World Bank Country and Lending Groups, available from the World Bank website: https://datahelpdesk.worldbank.org/knowledgebase/articles/906519-world-bank-country-and-lending-groups. The dataset provides the World Bank regional, income group and lending group classifications for each country. For our analysis, the “Code” and “Income group” classification for each country were selected.
EM-Dat, a comprehensive global disaster dataset managed by the Centre for Research on the Epidemiology of Disasters: https://public.emdat.be/data. It collates detailed event-level information on two disaster types (natural, technological) for all disasters recorded since 1900, with 43 variables including information on human impacts (e.g. number killed, injured, affected) and economic damage estimates. For this analysis, the “ISO” code, “Year”, Total Deaths“, and”Total Damages (’000 US$)" for all available countries were selected for the years 2015 to 2019.
3.2 Table 1 provides variable descriptions of all variables used in the analysis. It was created using the matrix function, and presented using the kable function (knittr package). Country Code, ISO and Code will be used as the keys to link the datasets.
#1. Create Table 1:
#a. Read in variable descriptions file
table1 <- read_excel("Variable_descriptions.xlsx",range = "A1:D12")
#b. Present table using knitr package:
knitr::kable(table1, caption = "Table 1: Description of select variables")
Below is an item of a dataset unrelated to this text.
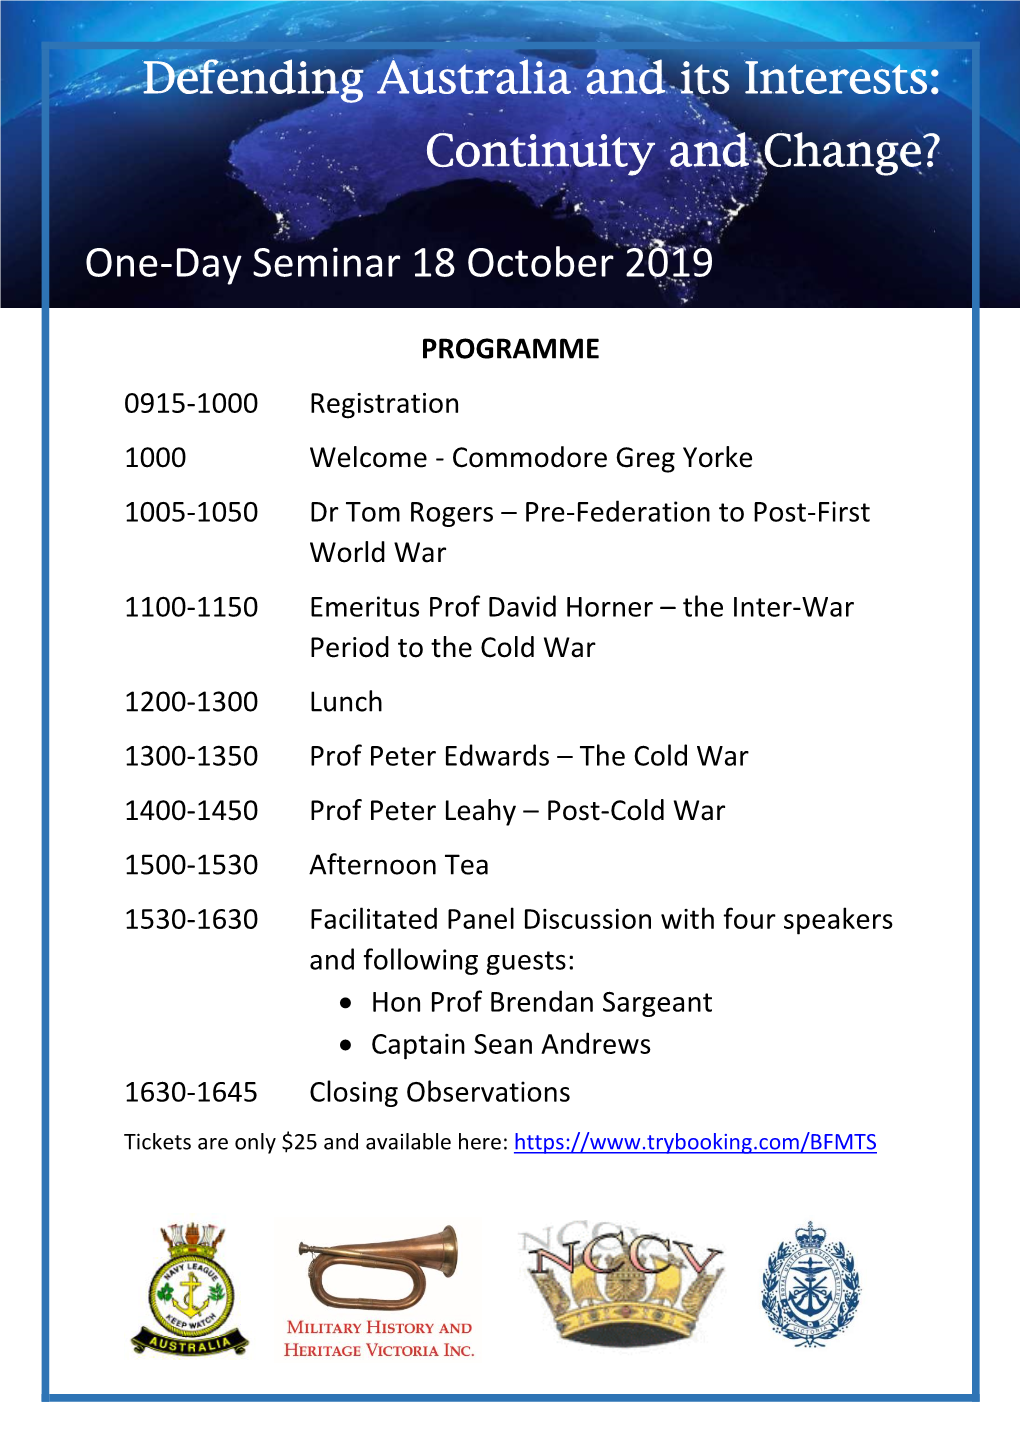 One-Day Seminar 18 October 2019

| Variable | Data type | Description | Dataset |
|---|---|---|---|
| Country Name | Categorical - character | Country name | World Bank Indicators |
| Country Code | Categorical - character | World Bank country code | World Bank Indicators |
| 2015 [YR2015] 2016 [YR2016] 2017 [YR2017] 2018 [YR2018] 2019 [YR2019] | Integer - Untidy data | Year | World Bank Indicators |
| GNI Atlas method - current US$ | Numerical | Gross national income in current US$ Atlas method | World Bank Indicators |
| Population - total | Integer | Population of a country in a given year | World Bank Indicators |
| Income group | Categorical - factor | World Bank Grouping of countries into: Low income, Lower middle income, Upper middle income, and High income | World Bank Income Groups |
| ISO | Categorical - character | EM-Dat country code | EM-Dat |
| Country | Categorical - character | Country name | EM-Dat |
| Total Deaths | Integer | Total deaths from natural disasters, per country and year | EM-Dat |
| Total Damages - one thousand US$ | Numerical | Total Damages from natural disasters,per country and year | EM-Dat |
| Year | Integer | Year | EM-Dat |
3.3 The excel datasets were read into R using the read_excel function:
World Bank Development Indicators was stored as indicators
World Bank Country and Lending Groups was stored as incomegroup
EM-Dat was stored as disaster.
3.4 Explanatory notes and headings were removed from the indicators and incomegroup datasets using skip and by dropping irrelevant rows and columns. As explained later, we cannot merge until we tidy the datasets.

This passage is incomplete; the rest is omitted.